Skip every picture, and copy exactly the lines from the one containing "All Star Transfer Pump - Image 2 of 2" to the end of the data.

[Opening Information supplied section]

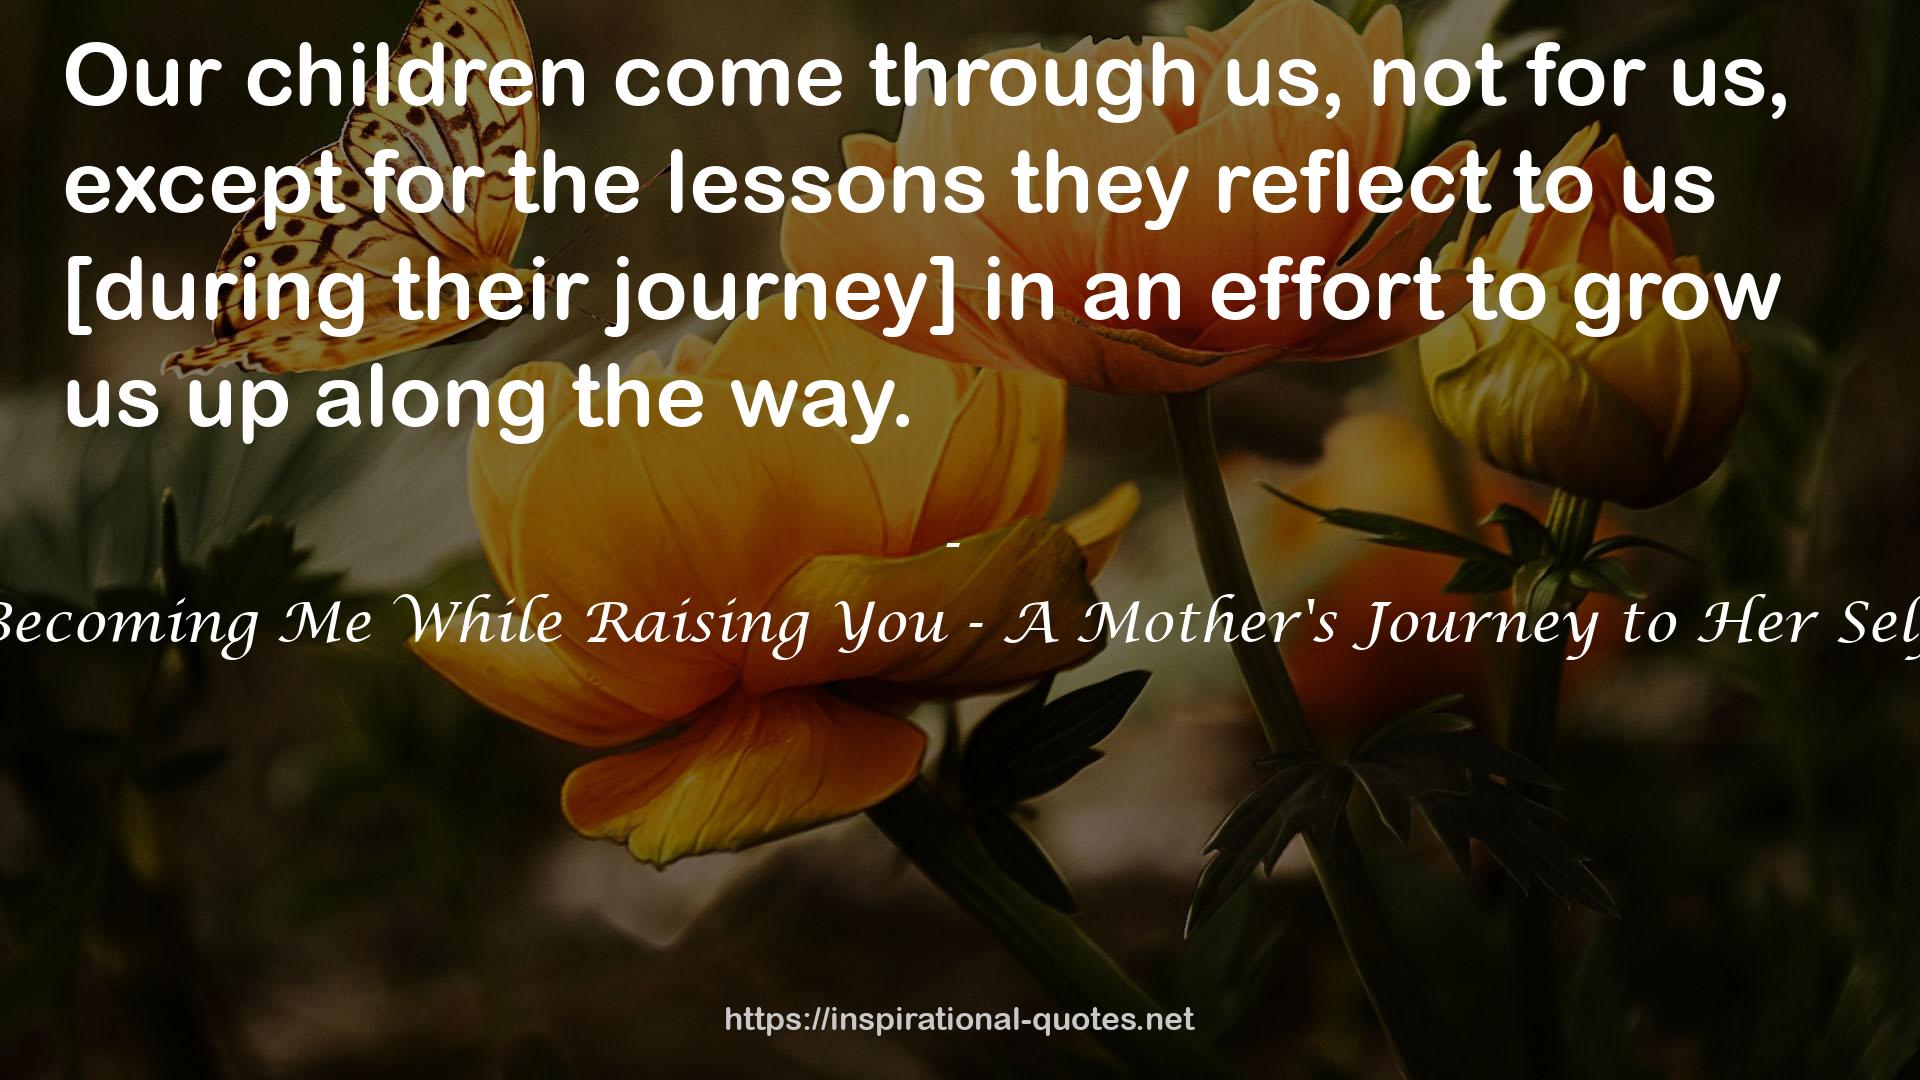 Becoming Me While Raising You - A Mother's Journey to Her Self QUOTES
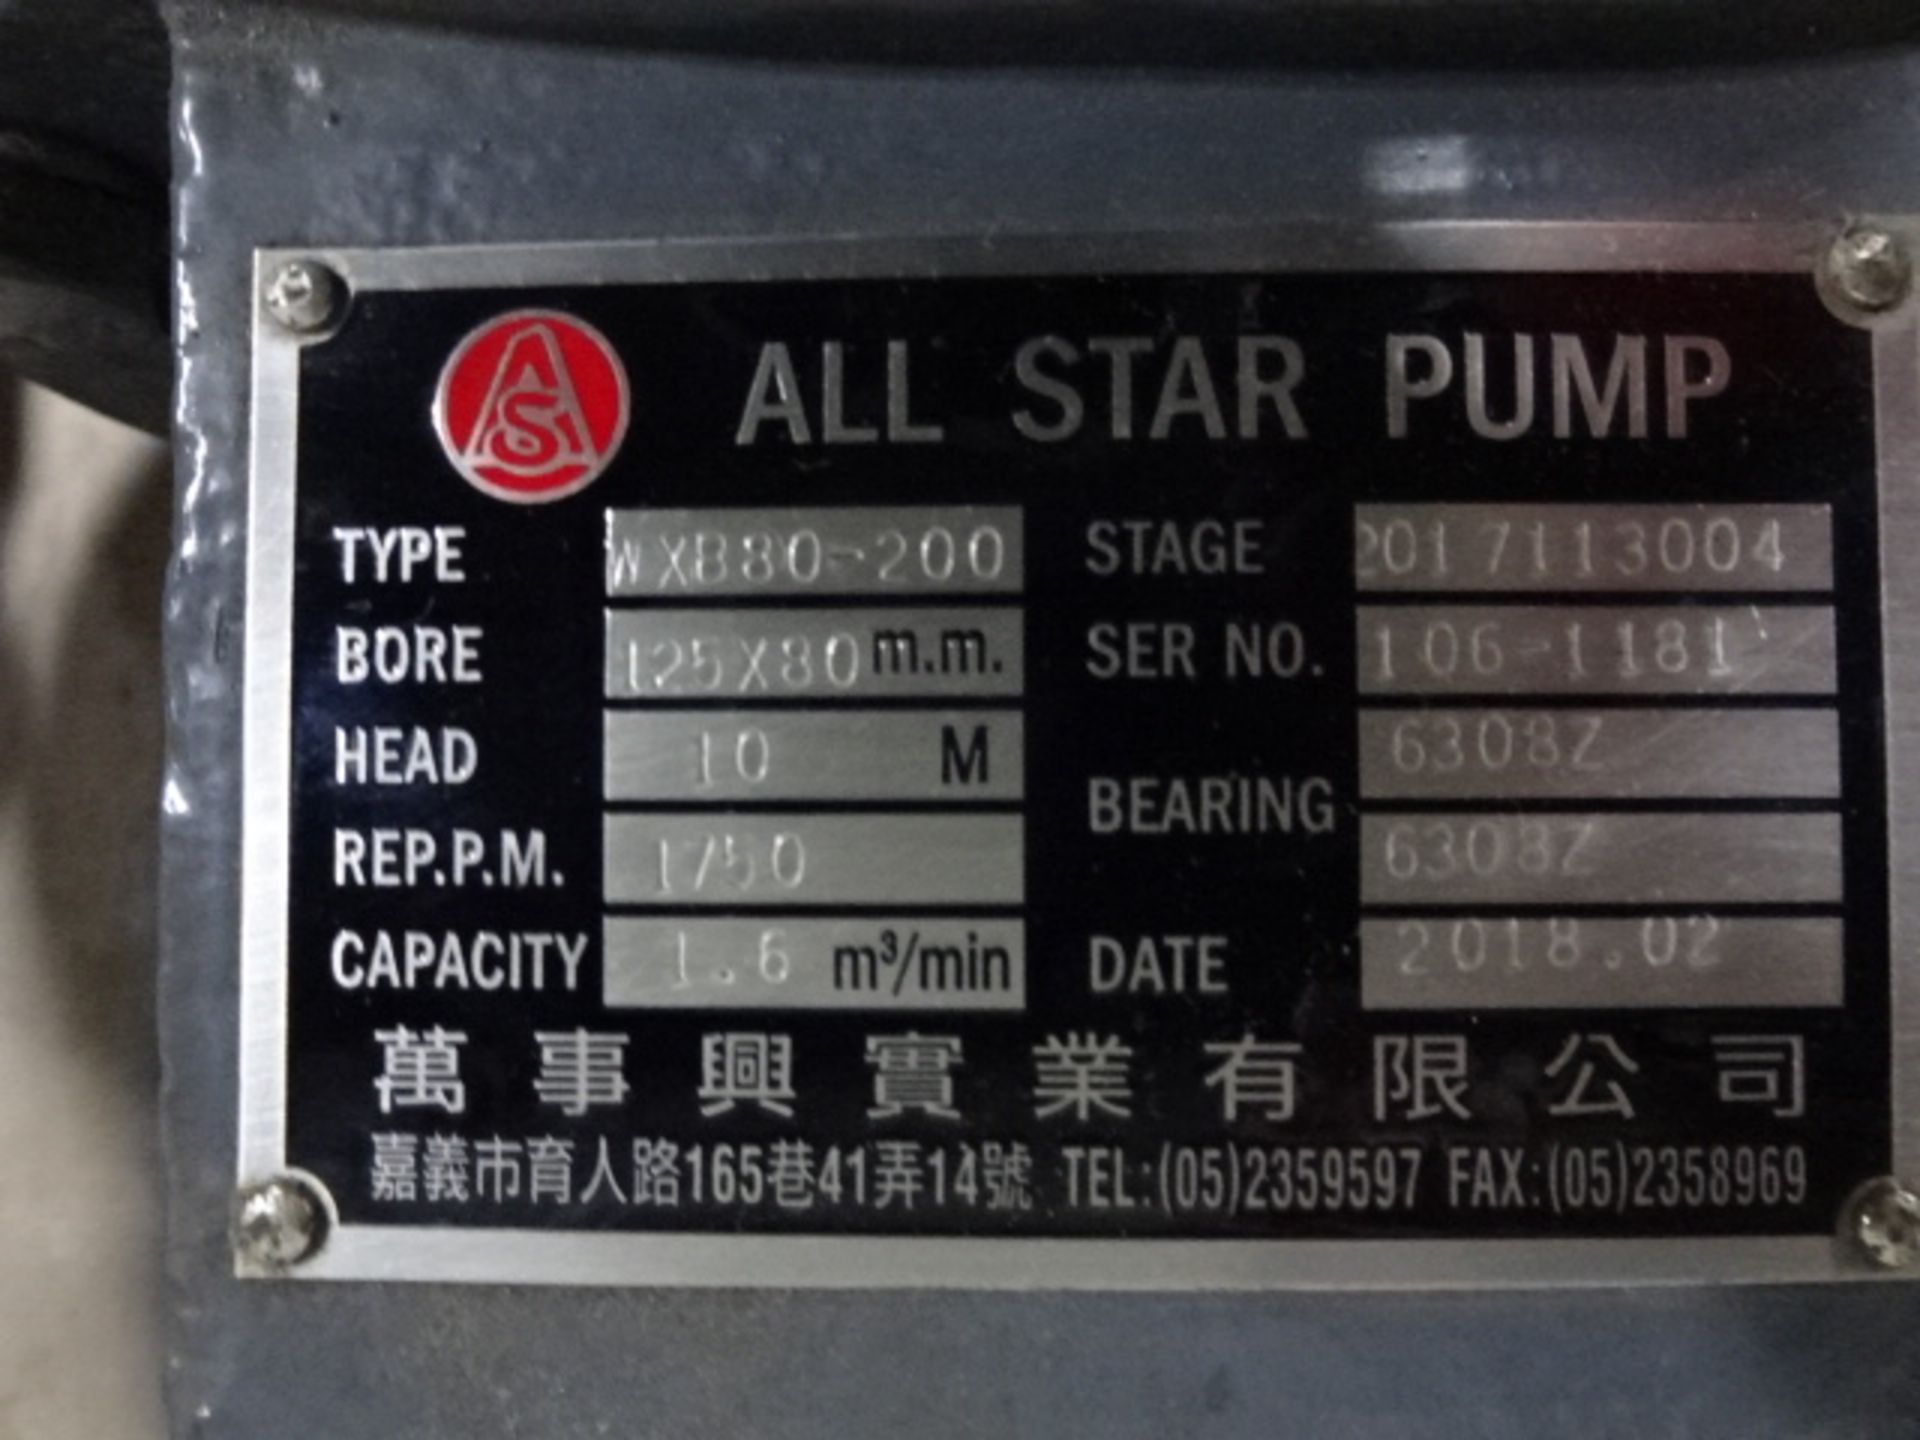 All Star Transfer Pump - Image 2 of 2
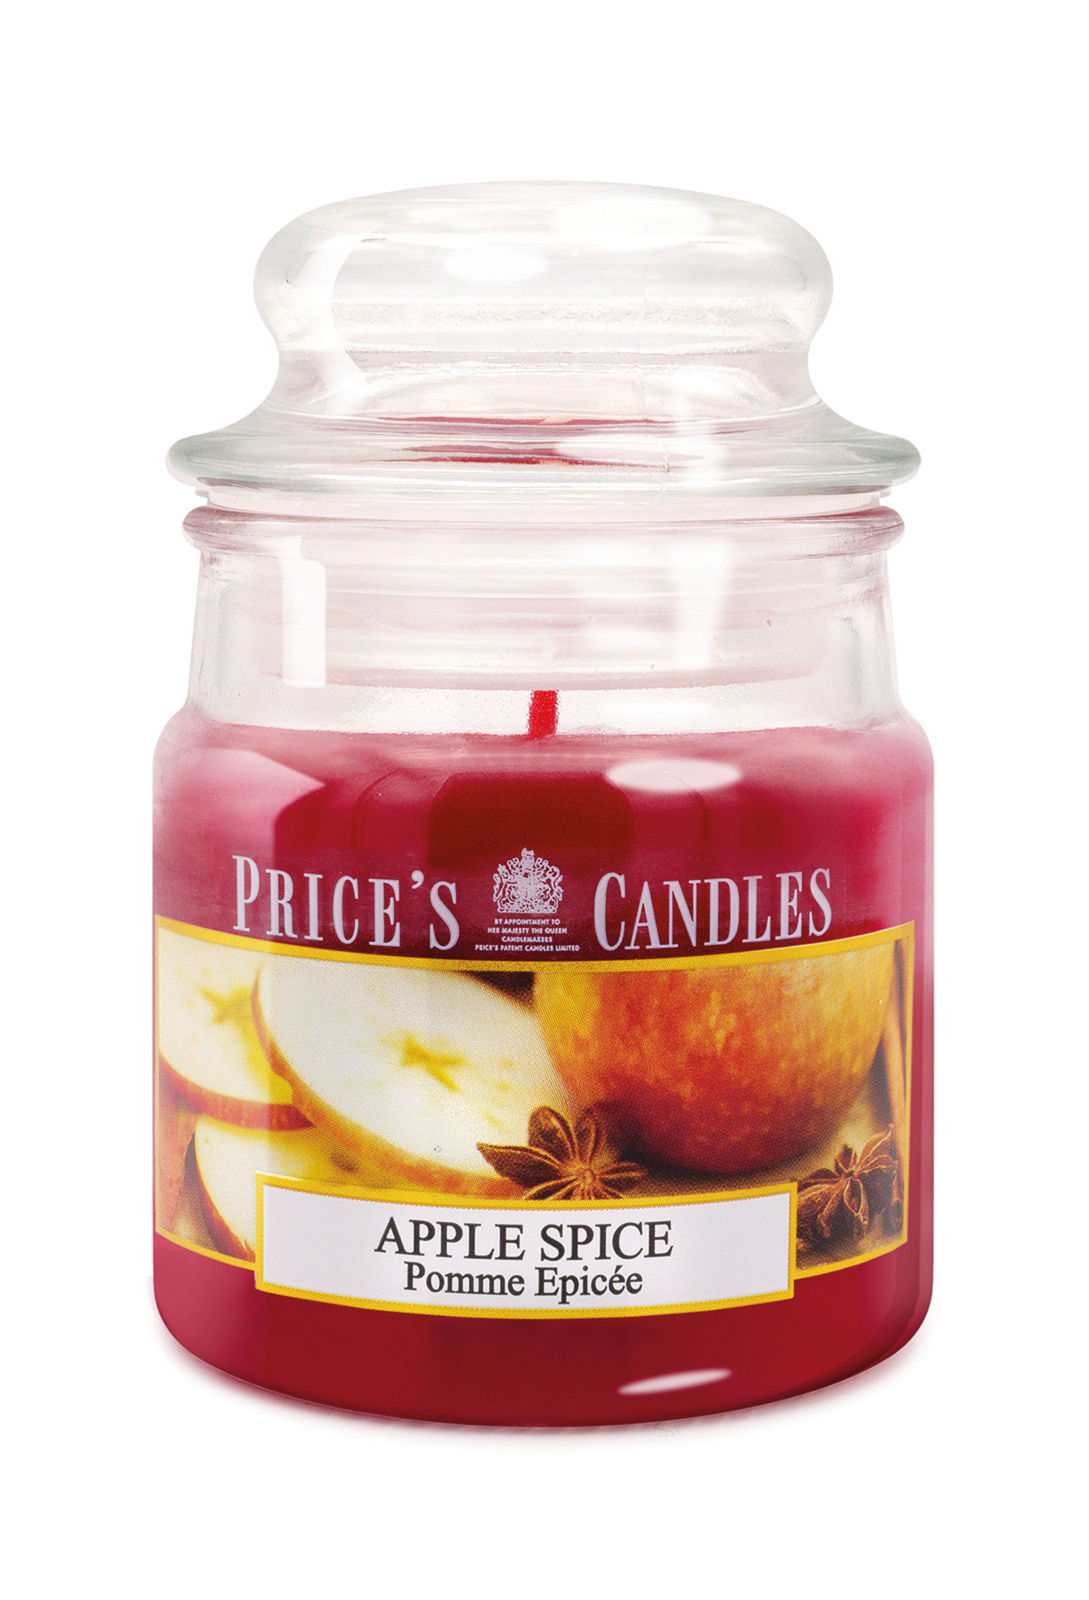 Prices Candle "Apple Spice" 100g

[Closing Information supplied section]

§ The answer
 All Star Transfer Pump - Image 2 of 2
 Prices Candle "Apple Spice" 100g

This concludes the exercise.